# Validation on GPU Systems - NCCL over HGX-H100 Systems

## HGX-H100 Topology
![alt text](../../_static/images/validation/hardware/hgx_h100/hgx_h100_topology.png)

## Senario - 1: 2-GPUs All-Reduce
### Hardware Setup
1. 2 H100 GPUs connected in switch, over 4 NVSwitches
2. Each GPU has bidirectional BW of 900 GB/s
3. NCCL Ring Algorithm

### ASTRA-Sim setup
1. Modelled with the ASTRA-Sim Analytical Backend
2. Switch Network Topology

### Collectives run
1. All-Reduce
2. Reduction operation - Sum


### Results
![alt text](../../_static/images/validation/hardware/hgx_h100/2gpus.png)

**Geomean error rate = 20.63%**


## Senario - 2: 4-GPUs All-Reduce
### Hardware Setup
1. 4 H100 GPUs connected in switch, over 4 NVSwitches
2. Each GPU has bidirectional BW of 900 GB/s
3. NCCL Ring Algorithm

### ASTRA-Sim setup
1. Modelled with the ASTRA-Sim Analytical Backend
2. Switch Network Topology

### Collectives run
1. All-Reduce
2. Reduction operation - Sum

### Results
![alt text](../../_static/images/validation/hardware/hgx_h100/4gpus.png)

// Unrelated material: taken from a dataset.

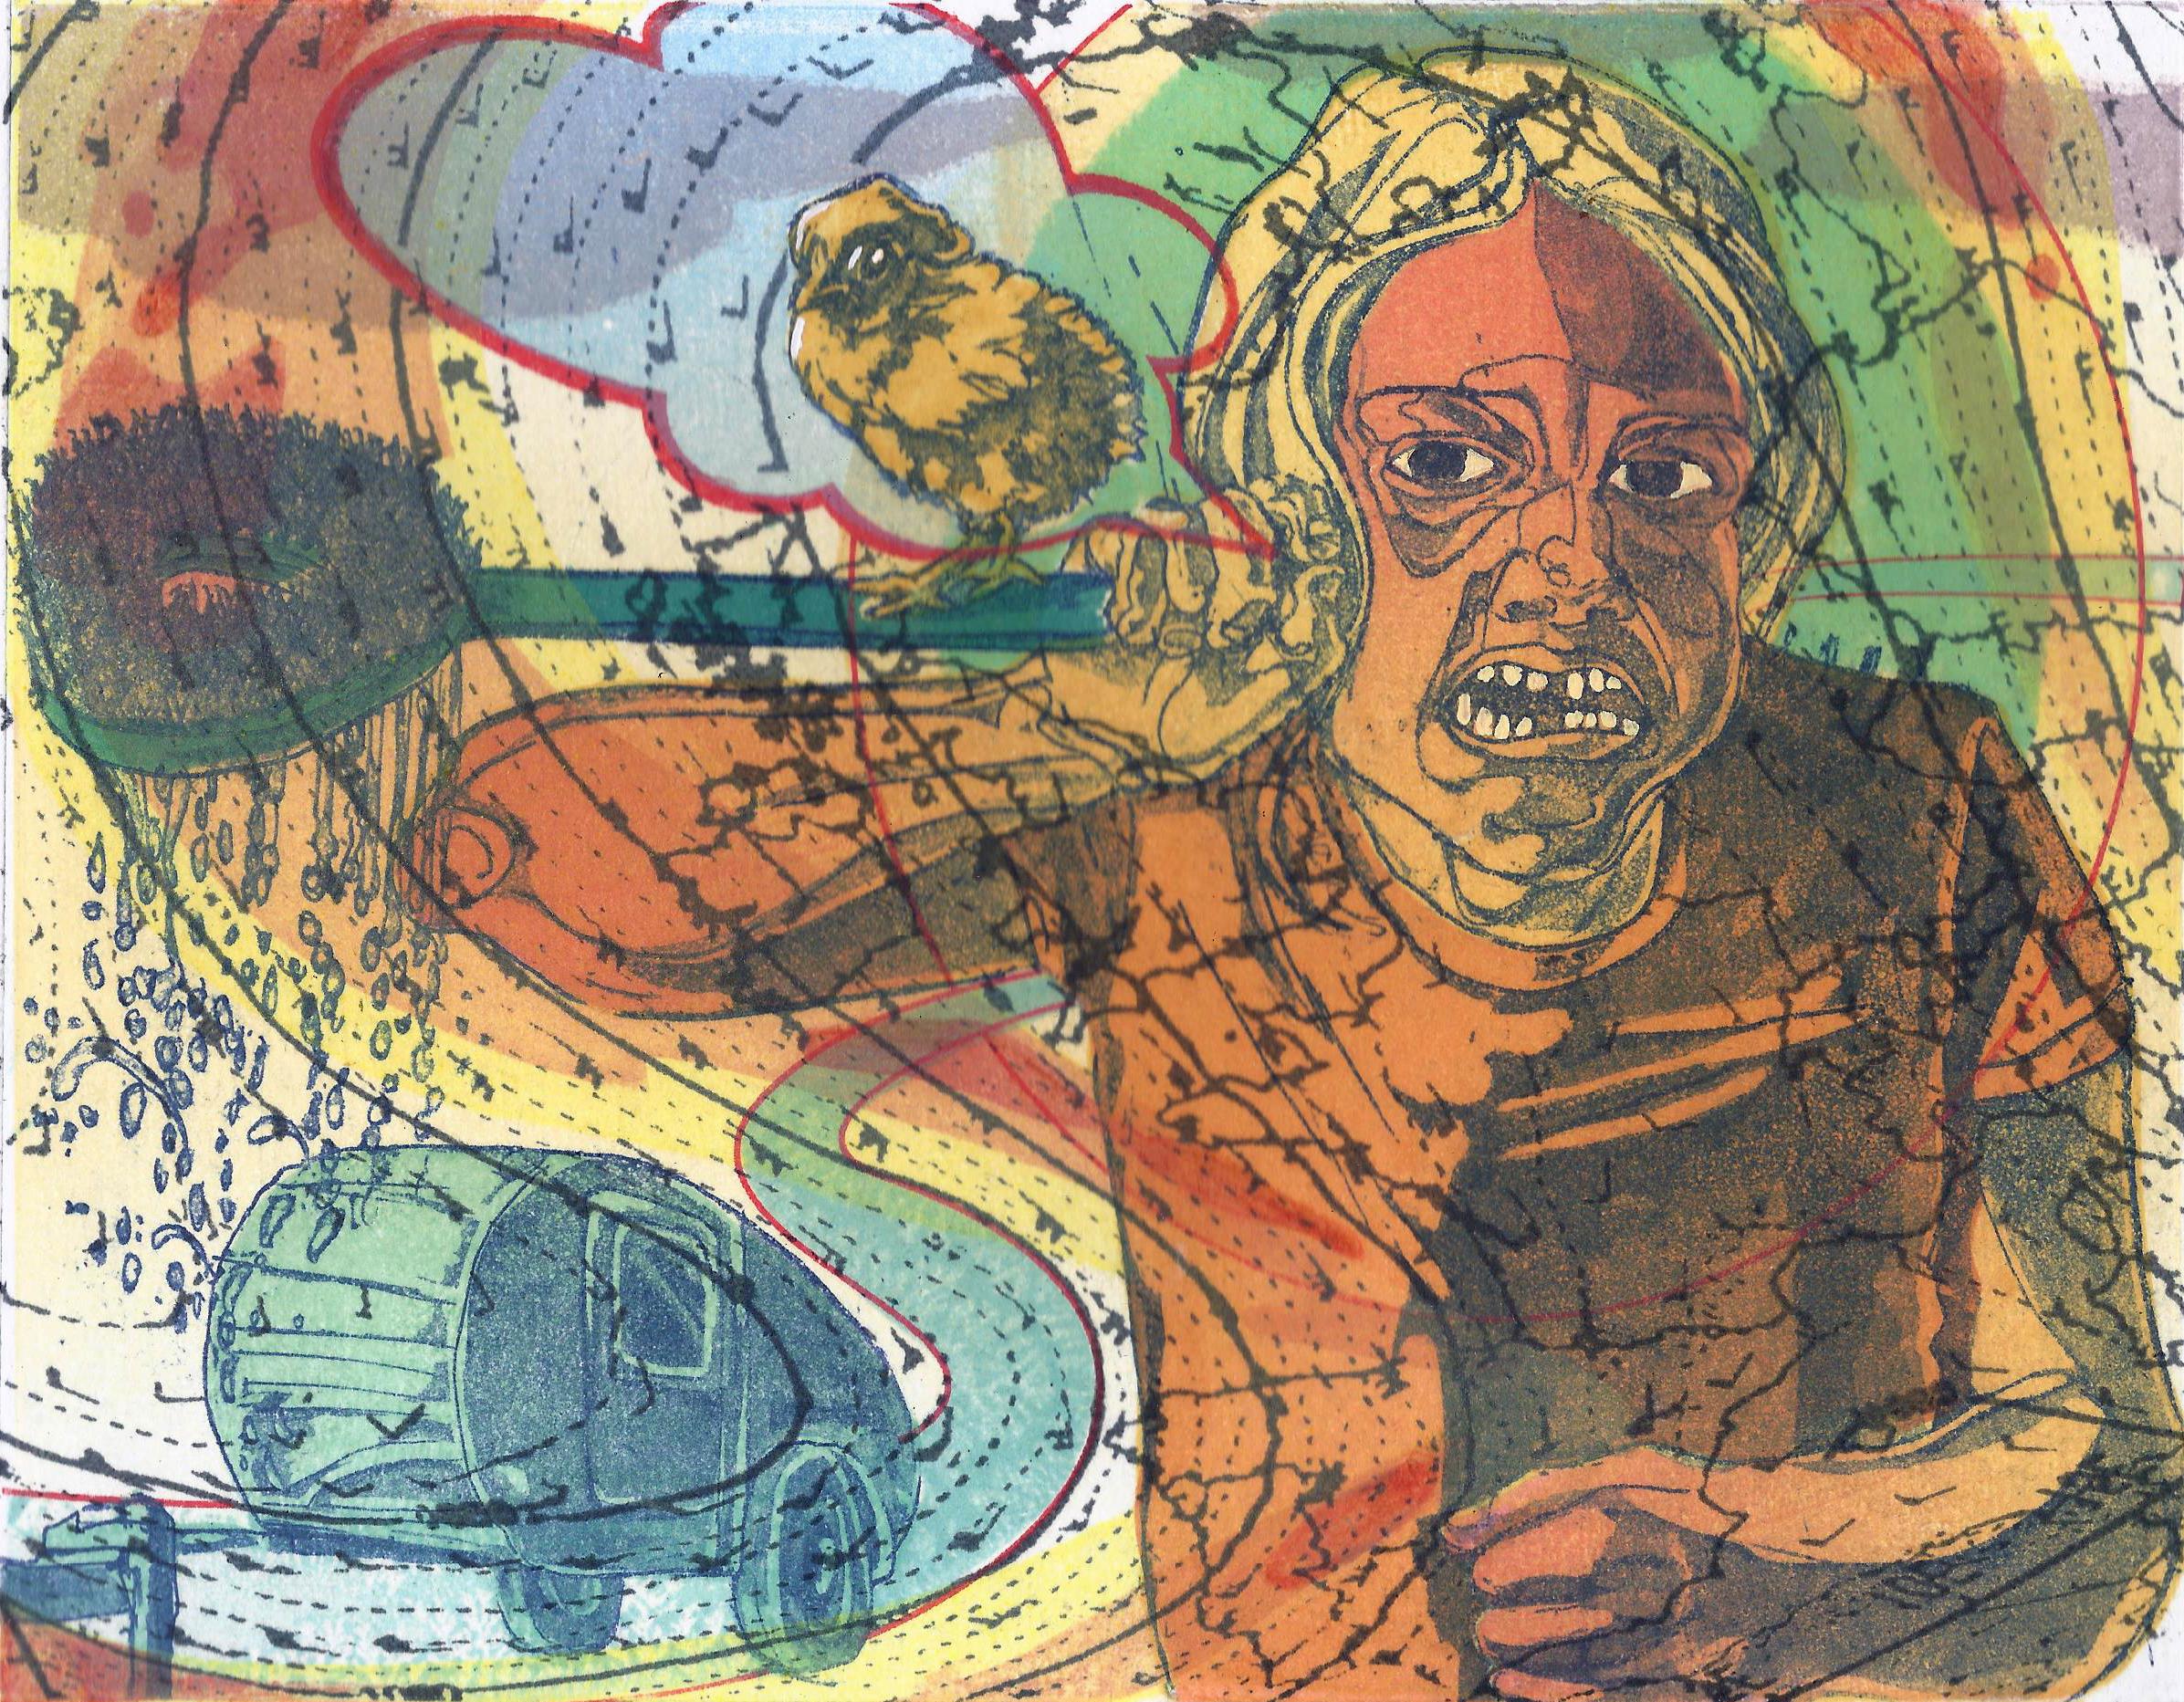 A print of a woman set against an array of abstract objects and colors.

**Geomean error rate = 12.01%**

## Senario - 3: 8-GPUs All-Reduce
### Hardware Setup
1. 8 H100 GPUs connected in switch, over 4 NVSwitches
2. Each GPU has bidirectional BW of 900 GB/s
3. NCCL Ring Algorithm

### ASTRA-Sim setup
1. Modelled with the ASTRA-Sim Analytical Backend
2. Switch Network Topology

### Collectives run
1. All-Reduce
2. Reduction operation - Sum

### Results
![alt text](../../_static/images/validation/hardware/hgx_h100/8gpus.png)

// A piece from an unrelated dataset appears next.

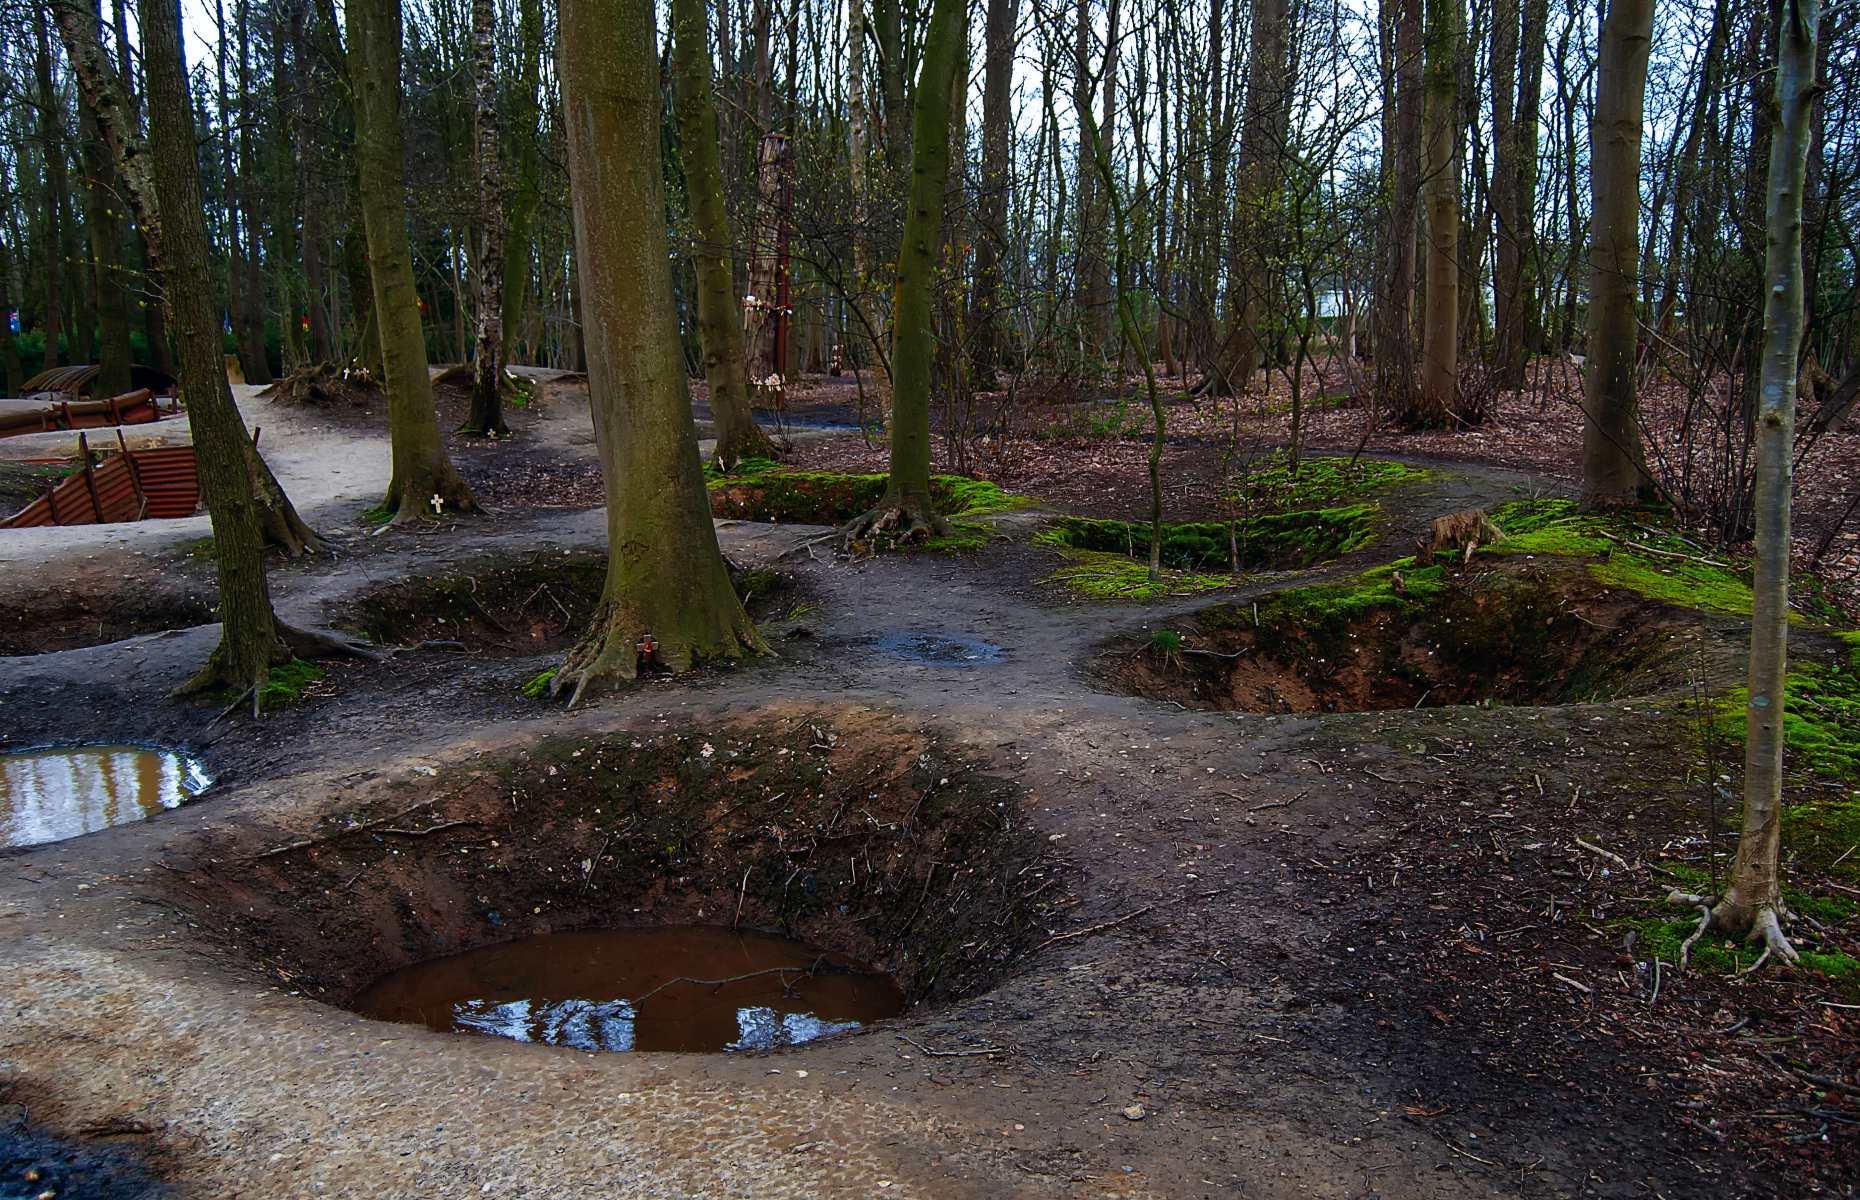 The eerie First World War sites you can still see today

**Geomean error rate = 9.69%**


## Recommended practices
1. Emperically extract warm up latency by running smaller collectives
2. Emperically extract practical link latency by first running smaller collectives and varying number of NPUs/GPUs
3. It is observed that the maximum achieved BW is 741.34 GB/s (bidirectional).
4. Strictly enforce NCCL to use only Ring Algorithm. NCCL switches from Ring to Tree algorithm with respect to Collective sizes. We observe this to be suboptimal, atleast for this topology, hardware and configuration.